KEY INGREDIENTS Kakadu plum extract is sourced from the Kakadu plum, a fruit grown in northern Australia. It contains vitamin C, which restores the skin’s natural barrier, increases collagen production, and soothes irritation.
Dr. Dennis Gross Skincare Alpha Beta® Universal Daily Peel Pads
These are the gold standard of peel pads, with a cult following and over 900 five-star reviews on Sephora. They’re easy to use and contain a blend of anti-aging exfoliating acids.
Emollient Night Cream
“In your 20s, you need to start upping the hydration in your skincare routine. You may have been cautious of over-moisturizing because of acne in your teens, but as you enter your 20s, your skin transitions and becomes drier,” Ross says. “I recommend an emollient night cream added into your evening skincare regimen.”

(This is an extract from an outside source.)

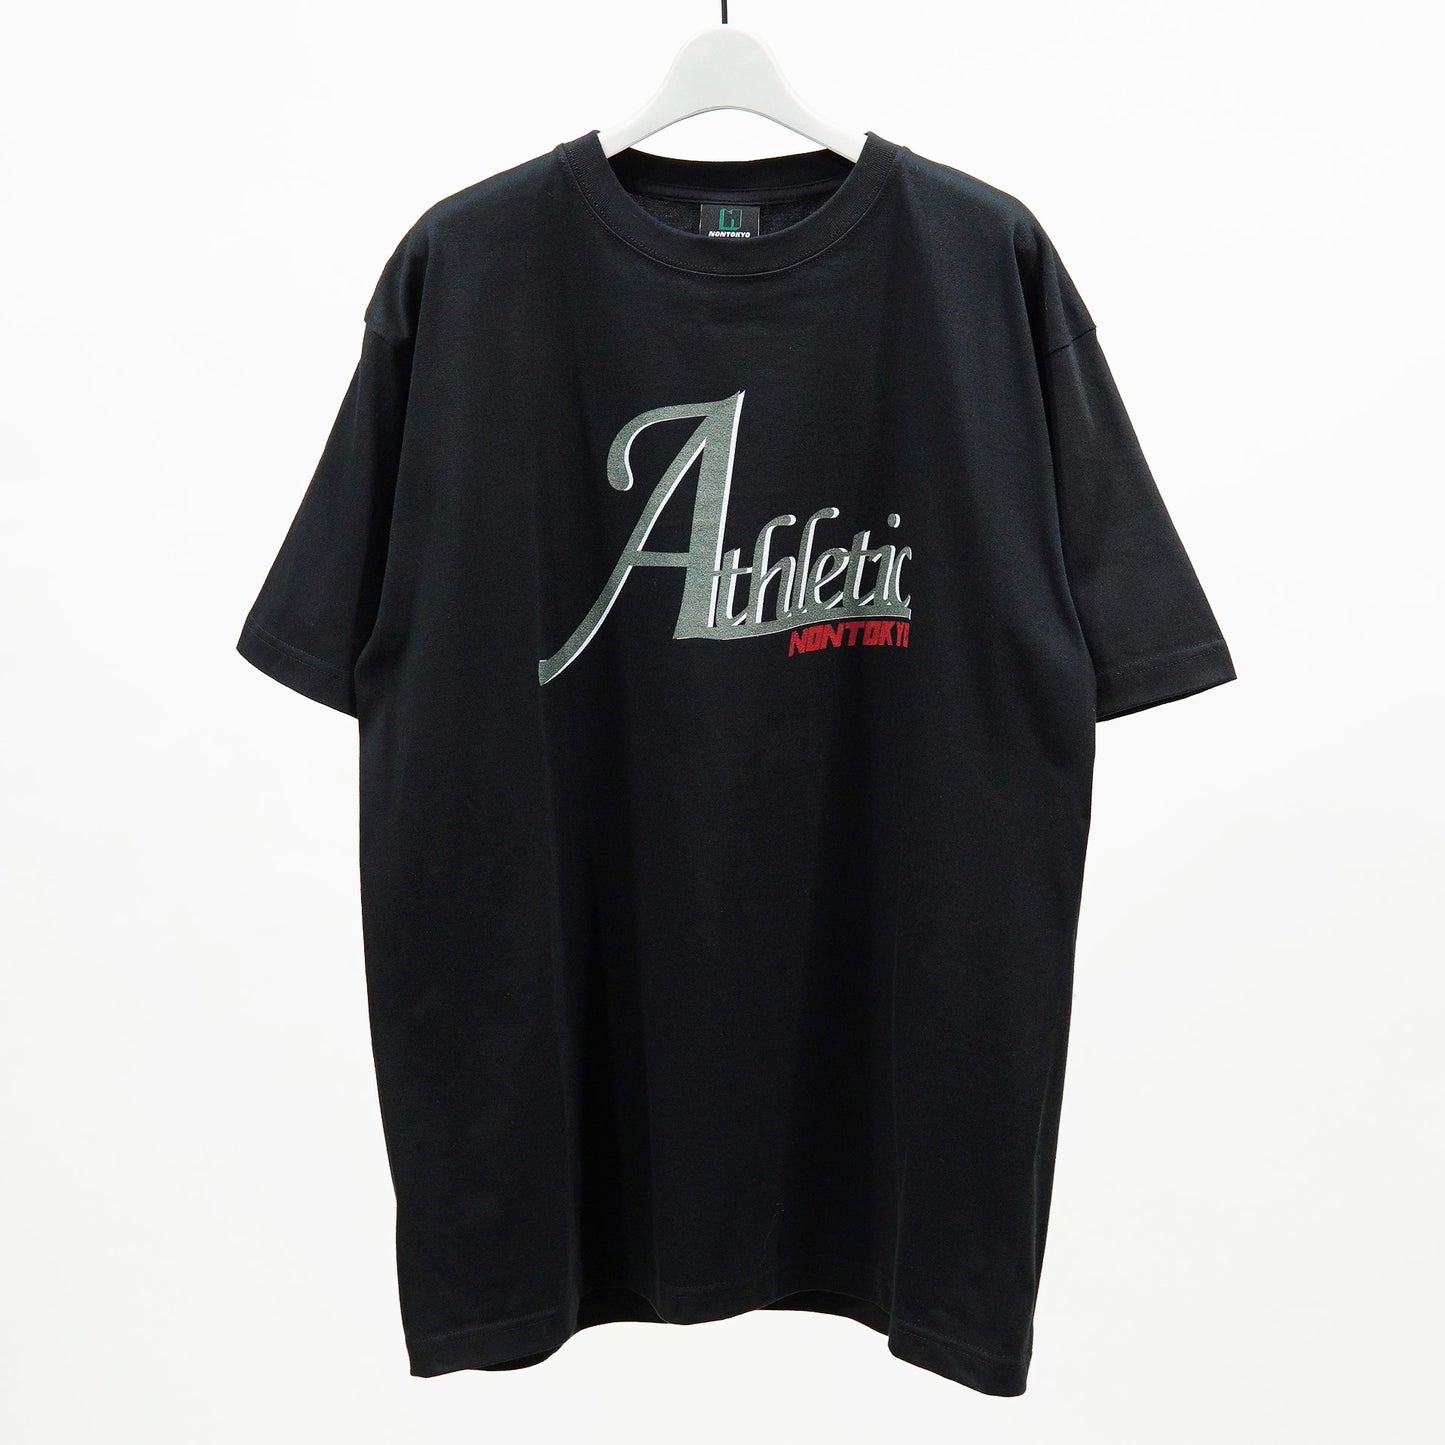 NON TOKYO / PRINT T-SHIRT(Athletic /BLACK/SIZE 1) / 〈ノントーキョー〉プリントTシャツ (アスレチック / ブラック)

“Twenty-somethings need to make sure that they are not using creams that will clog their pores and cause excess oil production,” says Somenek. Opt for non-comedogenic products.
Cerave Skin Renewing Night Cream
One great choice is the CeraVe Skin Renewing Night Cream, which is a non-comedogenic night cream that leaves skin soft and glowy. It combines the moisturizing powers of ceramides and hyaluronic acid.
RoC Retinol Correxion Max Hydration Creme
“The best night cream ingredients contain retinol, benzoyl peroxide, and/or salicylic acid or hyaluronic acid. The goal is to moisturize, yet remove excess oil,” says Somenek. This Roc Retinol Correxion cream fits the bill as it contains both hyaluronic acid and retinol so it promises to moisturize while also being non-comedogenic.